I have just finished reading "Adaptive Analysis For Australia Stocks" by Nick Radge and found it to be a great read, especially for a beginner.

In this book, Nick begins his discussion on Elliott waves by talking about Market Swings.  He says there are two ways to view these swings:

1.  View the price swings across multiple charts with each chart representing a different time frame e.g. daily, weekly, monthly etc.

2.  Watch for price swings that travel certain distances in relation to others on the same chart and time frame.

He then talks about using his computer to only show price swings that are greater than 20%.  Unless I have misunderstood, this appears to be a great way to take the guess work out of counting waves when applying Elliott Wave Theory. 

Let me explain myself.  When i first read through the chapters on Elliott Waves, and forgot about Nick's discussion on observing price swings based on the size, I thought it would be almost impossible to identify a wave.  e.g.  Say we are at the end of wave 2.  How would we know that the next wave is wave 3 or the first (i) of five impulsive waves (i, ii, iii, iv, v), that make up wave 3?  By observing larger swings, we can identify one set of Elliott Waves.  We can then observe smaller swings to identify the micro waves that make up the larger Elliot Waves.  I hope I am explaining myself ok.

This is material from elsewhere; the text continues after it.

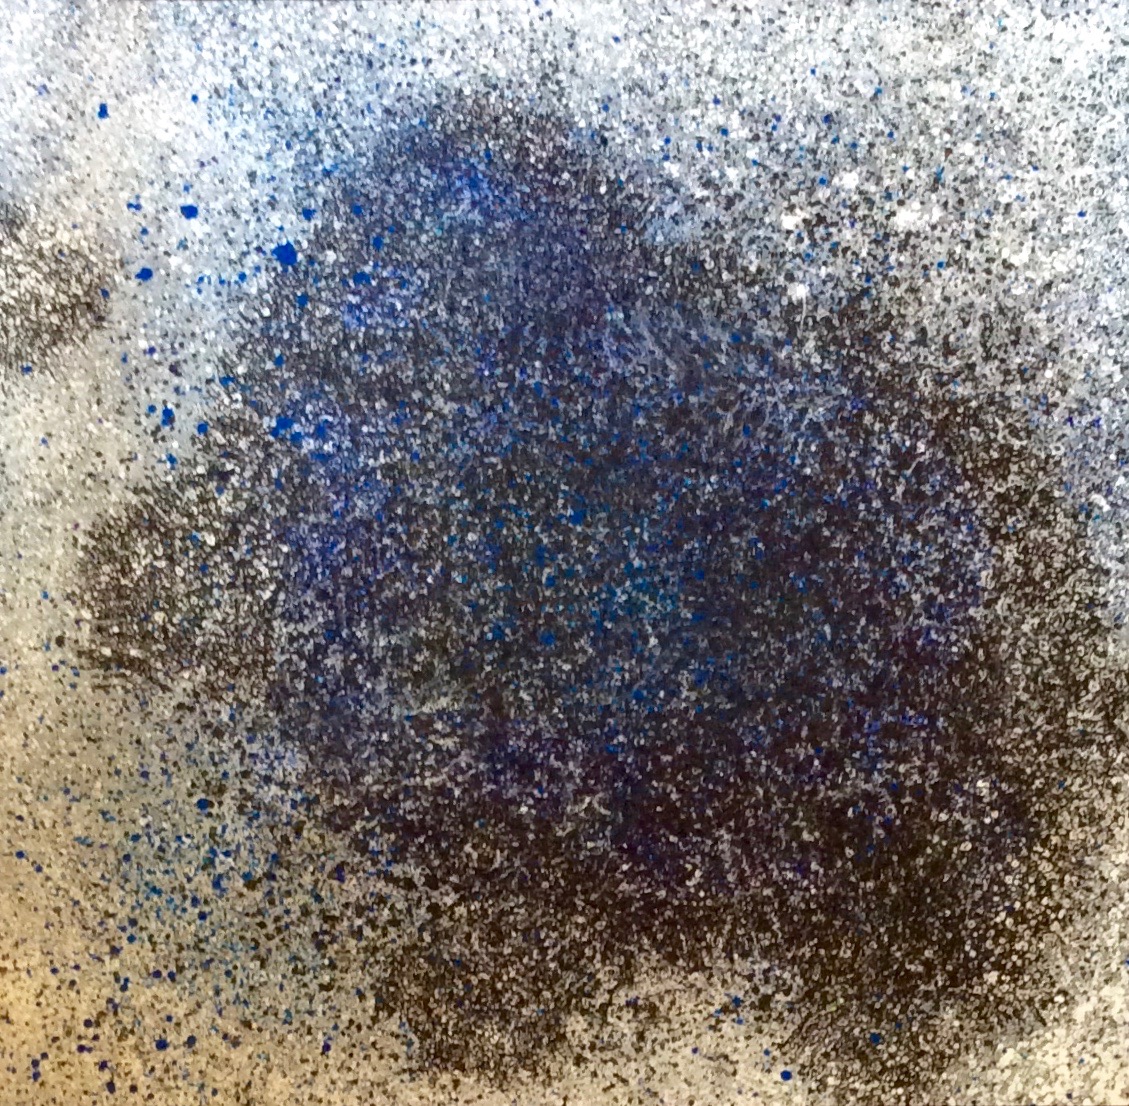  Blue Particles, 2018 59 x 61 inches Acrylic on 2/8”closed cell black foam

In light of this, I would like to know if there is any software out there that allows you to show swings based on their size.  Nick, if you're reading this, what software were/are you using to do this?  Can this be done in AmiBroker?


----------



## tech/a (10 November 2008)

Yes most can do it with ZigZag.

Note that this is an approximation of possible wave counts.
There is much software around which has in build algorithms to plot Elliott.
I use AGET myself but Dynamic trader is also well respected.

Take the time to at least learn the basics of plotting Waves.


----------



## kazzer (10 November 2008)

tech/a said:


> Take the time to at least learn the basics of plotting Waves.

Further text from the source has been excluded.